Substring slice pattern matching

I could not find the following proposal discussed anywhere, which is surprising, since it looks like a very natural addition.

The proposal is to add substring pattern syntax for pattern-matching, which would serve the same purpose as the slice patterns for slices and arrays. The syntax is prone to bikeshedding, but imho it would be most natural to generalize concat! and concat_bytes! built-in macros to allow using them in pattern position.

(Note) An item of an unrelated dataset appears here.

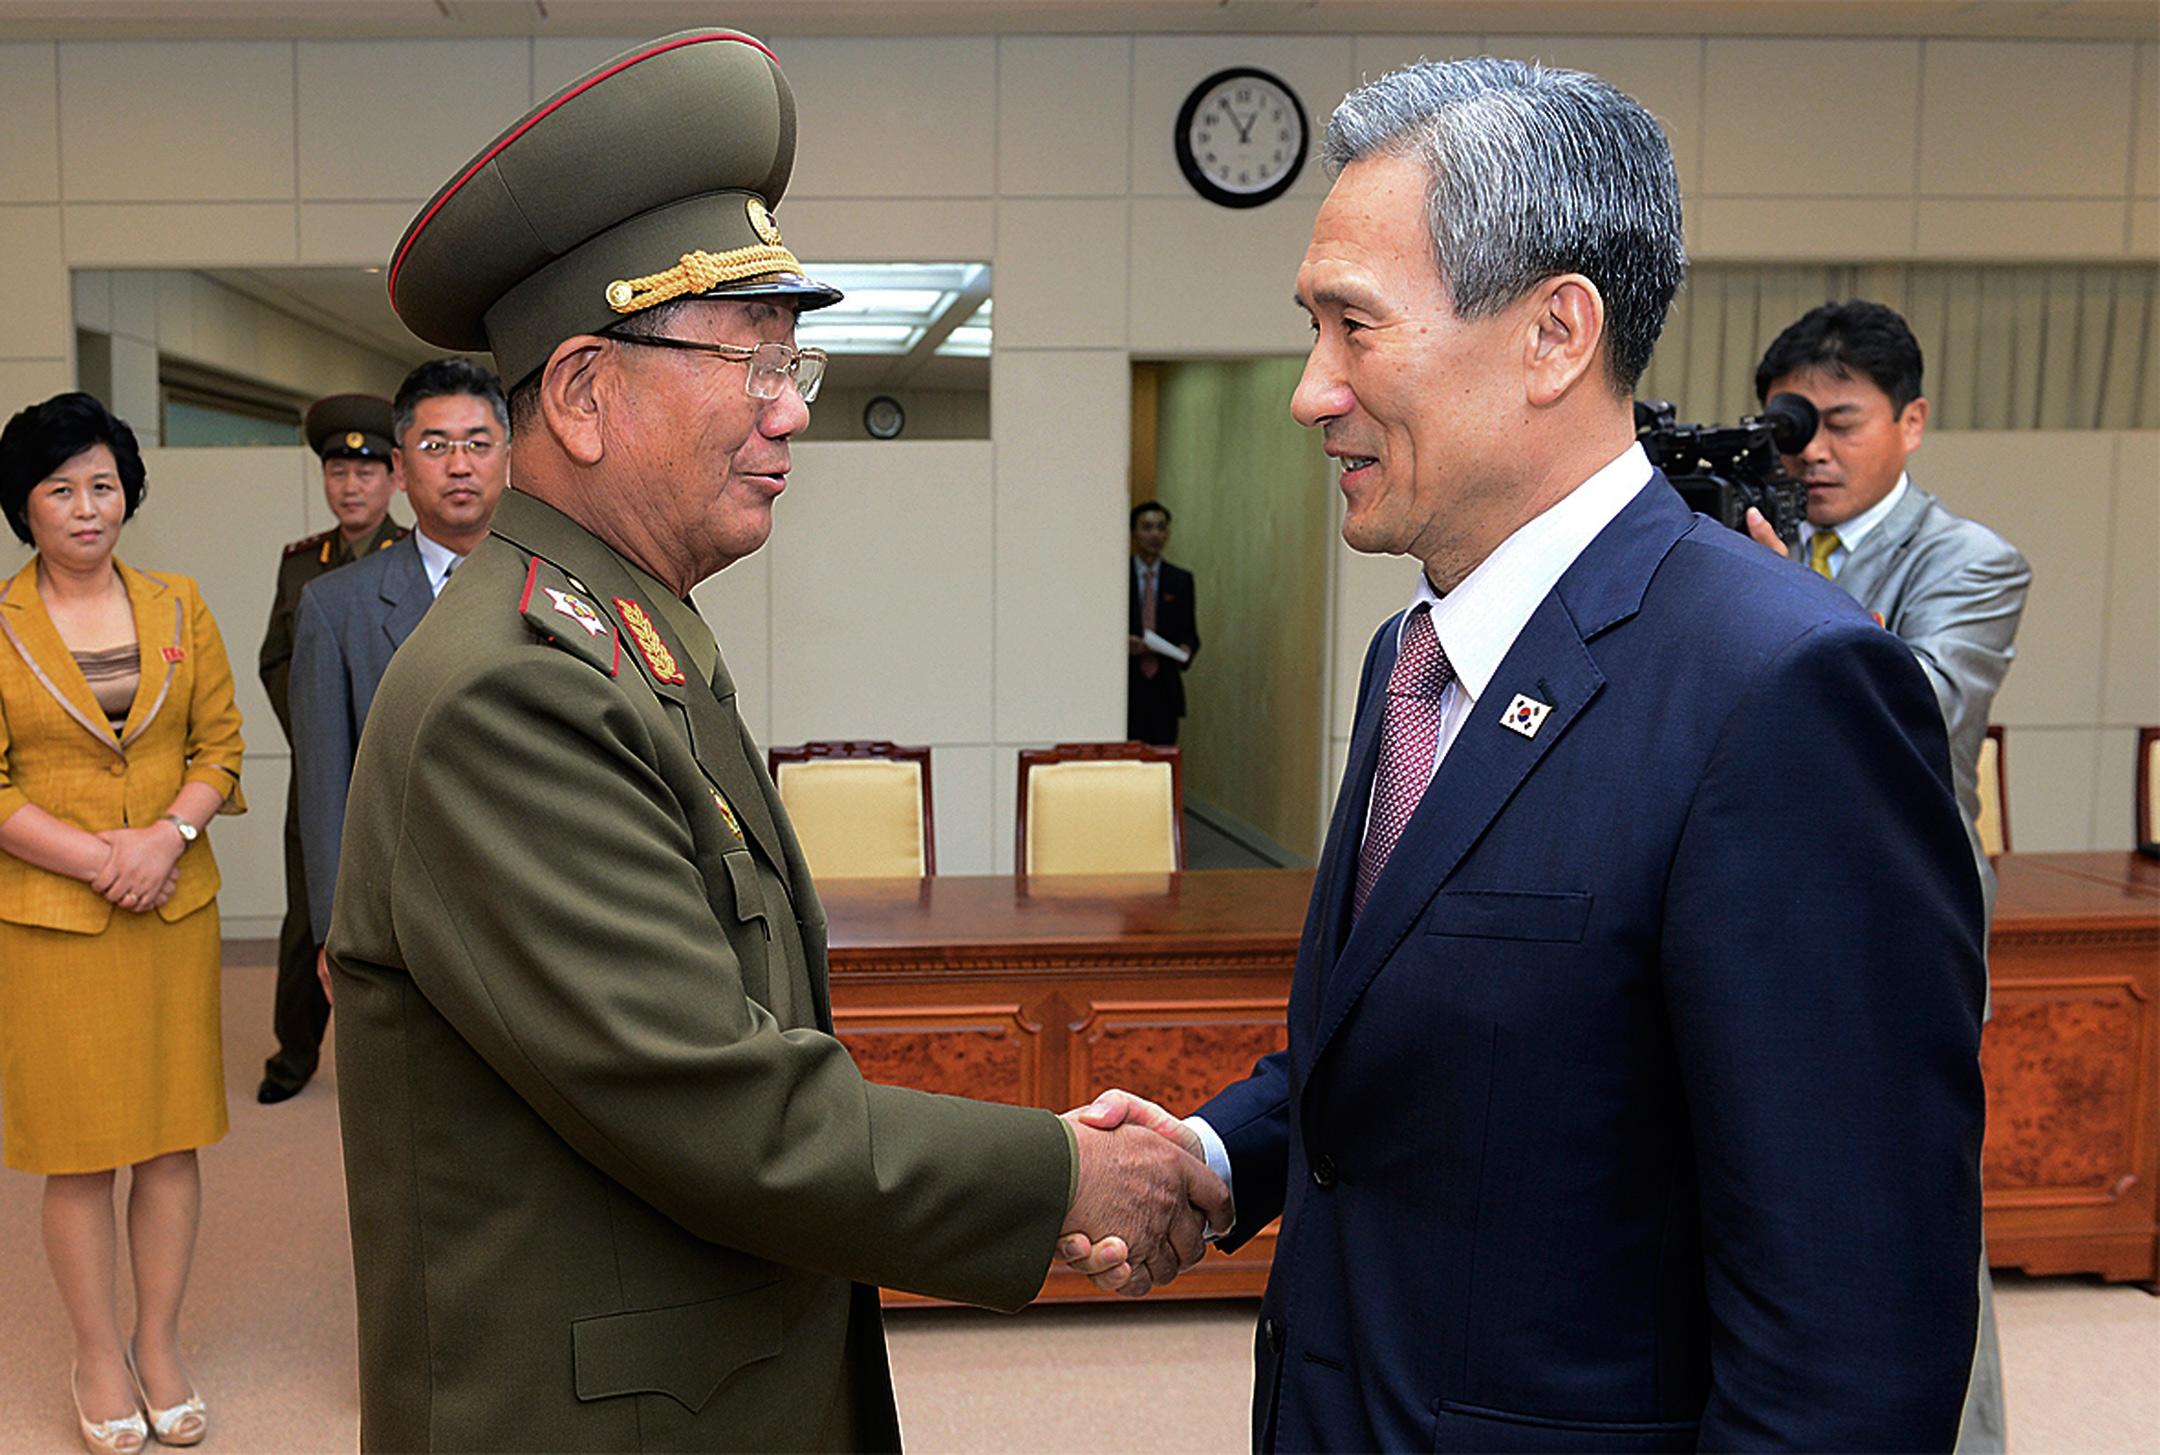 Korean leaders shake hands in Panmunjom in the Demilitarized Zone

An example which would be easier with this proposal:

// before
fn frobnicate_str(s: &str) -> Frob {
    if s.starts_with("foo") || s.starts_with("moo") {
        frobnicate(&s["foo".len()..])
    } else if s.starts_with("bozoom") {
        frobnicate(&s["bozoom".len()..])
    } else if s.starts_with("ba") {
        barnicate(&s["ba".len()..])
    } else if s.ends_with("quux") {
        quuxnicate(&s[..s.len() - "quux".len()])
    } else {
        panic!("not a frobnicatable string")
    }
}

// after
fn frobnicate_str(s: &str) -> Frob {
    match s {
        concat!("foo" | "moo" | "bozoom", rest@..) => frobnicate(rest),
        concat!("ba", rest@..) => barnicate(rest),
        concat!(start@.., "quux") => quuxnicate(&start),
        _ => panic!("not a frobnicatable string"),
    }
}

In my opinion, a match is easier to read that a chain of ifs: the conditions are very explicit, the pattern matching allows to encode complex conditions in a simple form, and the compiler guarantees exhaustive checks.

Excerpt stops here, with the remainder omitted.